Mark Cohen, UC Berkeley law professor and former USPTO expert on China told IP CloseUp that he did not believe there is a concerted effort to undermine the U.S. trademark system.
“China is metrics-driven, numbers-oriented society,” said Cohen, who is fluent in Chinese. “It wants to achieve government-established goals and will resort to incentives to achieve them. This planned approach can lead to the kind of spikes we have been seeing in trademark applications. The ultimate impact is unclear.”
In addition to paying cash incentives, China has been known, says Professor Cohen, to award tenure, defer income taxes and reduce sentences of prisoners who obtain marks. Similar motivations have been known to exist in the patent space, where China is a leading U.S. filer and number two globally. If the pattern continues, it will soon be number one in both trademarks and patents.
This rapid rise does not necessarily lead to high quality IP rights or to appropriate use of them. But IP does apparently amount to something of a numbers came to China.

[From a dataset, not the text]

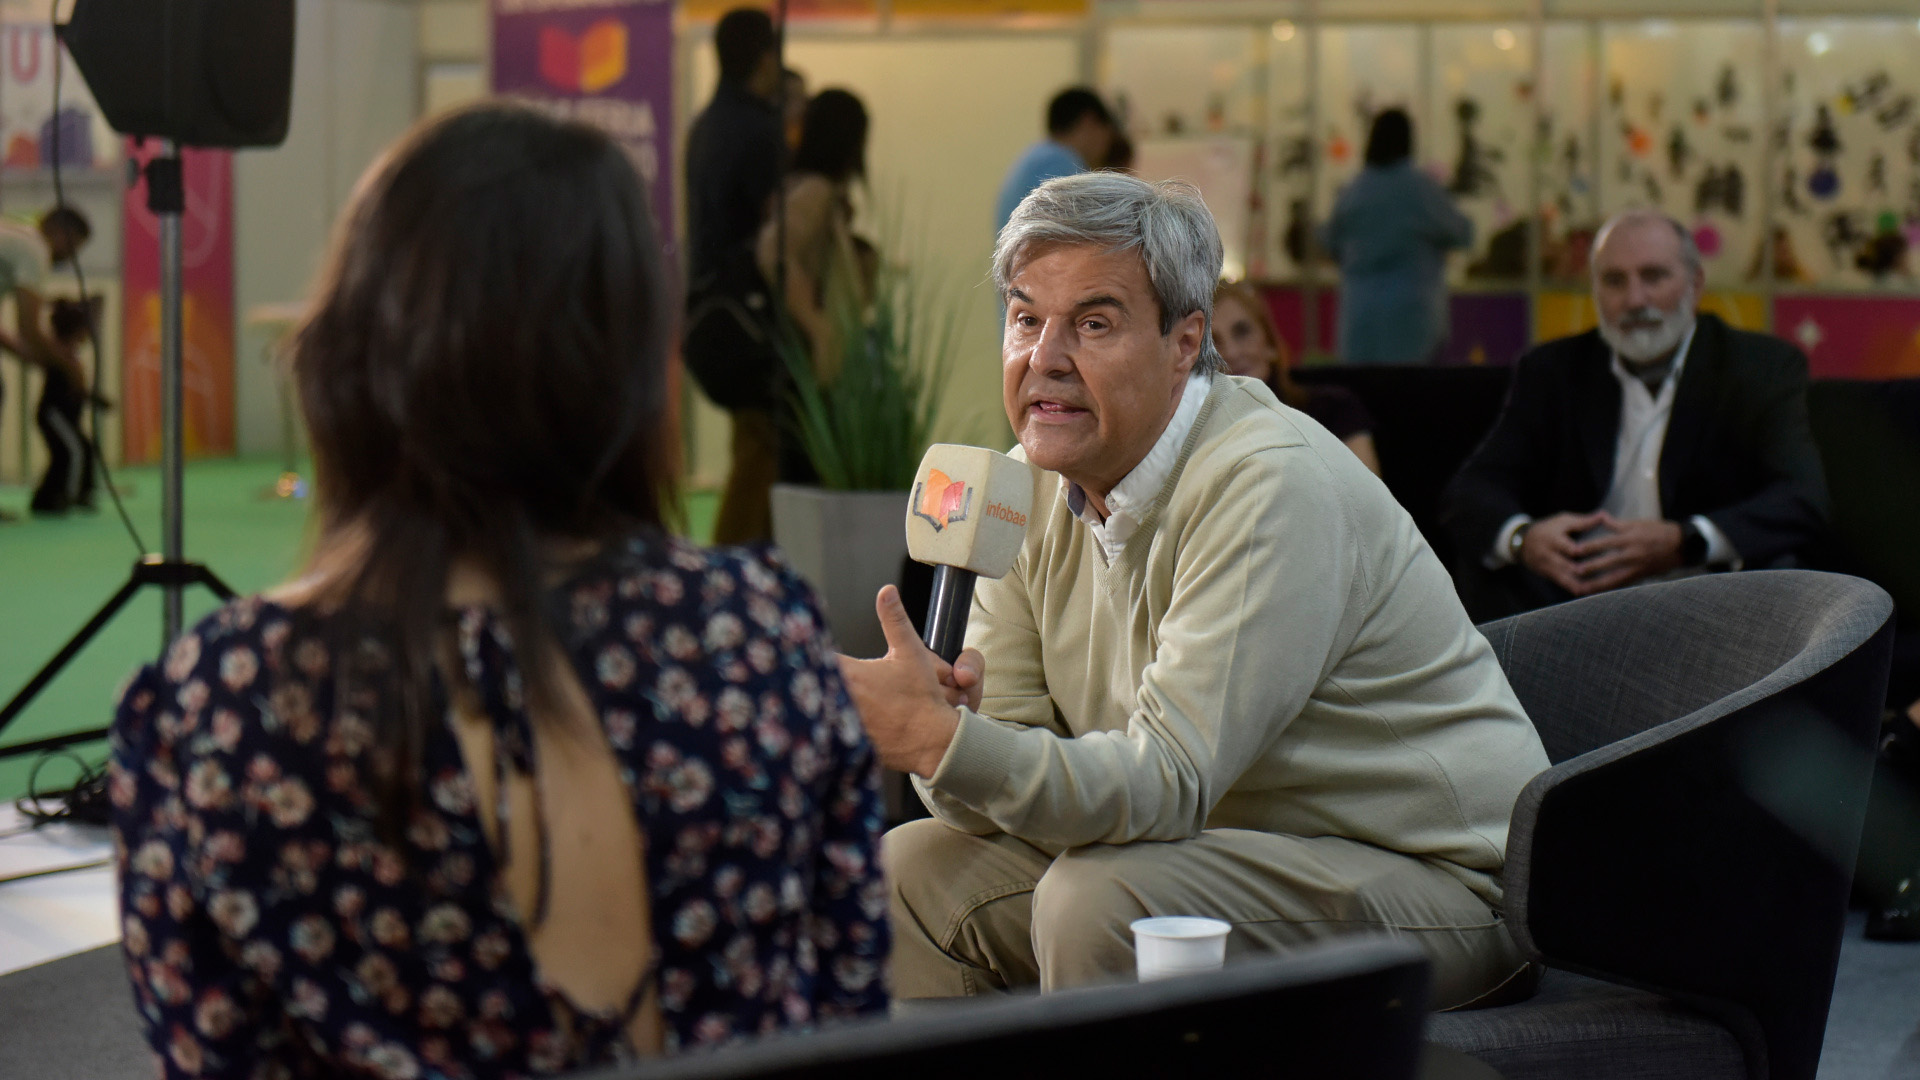 El periodista, editor y escritor Agustín Barletti habló sobre su libro "El hambre del dragón" en el stand de Leamos-Bajalibros en la Feria del Libro de Buenos Aires (Gustavo Gavotti)

Cohen believes that many of the filers are small businesses selling online goods such as phone chargers and cheap clothing. Whether they are every in a position to enforce their marks, if infringed, remains to be seen.
These payments by the Chinese government amount to nearly $800 per US trademark registration that is obtained (a potential profit per trademark of $525 after filing fees), reports trademark attorney Josh Groben.
“Given that the median monthly income for a Chinese citizen is around $1,000,” says Groben, “the government payments make it possible for someone in China to have a full-time income by registering just two US trademarks per month.”
The U.S. received more than 50,000 applications from China in the year through September 2017, accounting for 8.5% of all trademark filings.
It is difficult to know how aggressively legitimate Chinese trademark holders will enforce their rights against infringers. In the U.S. complete failure to enforce will lead to a weakening of an owner’s marks, loss of distinctiveness over time and potential forfeiture of certain available remedies.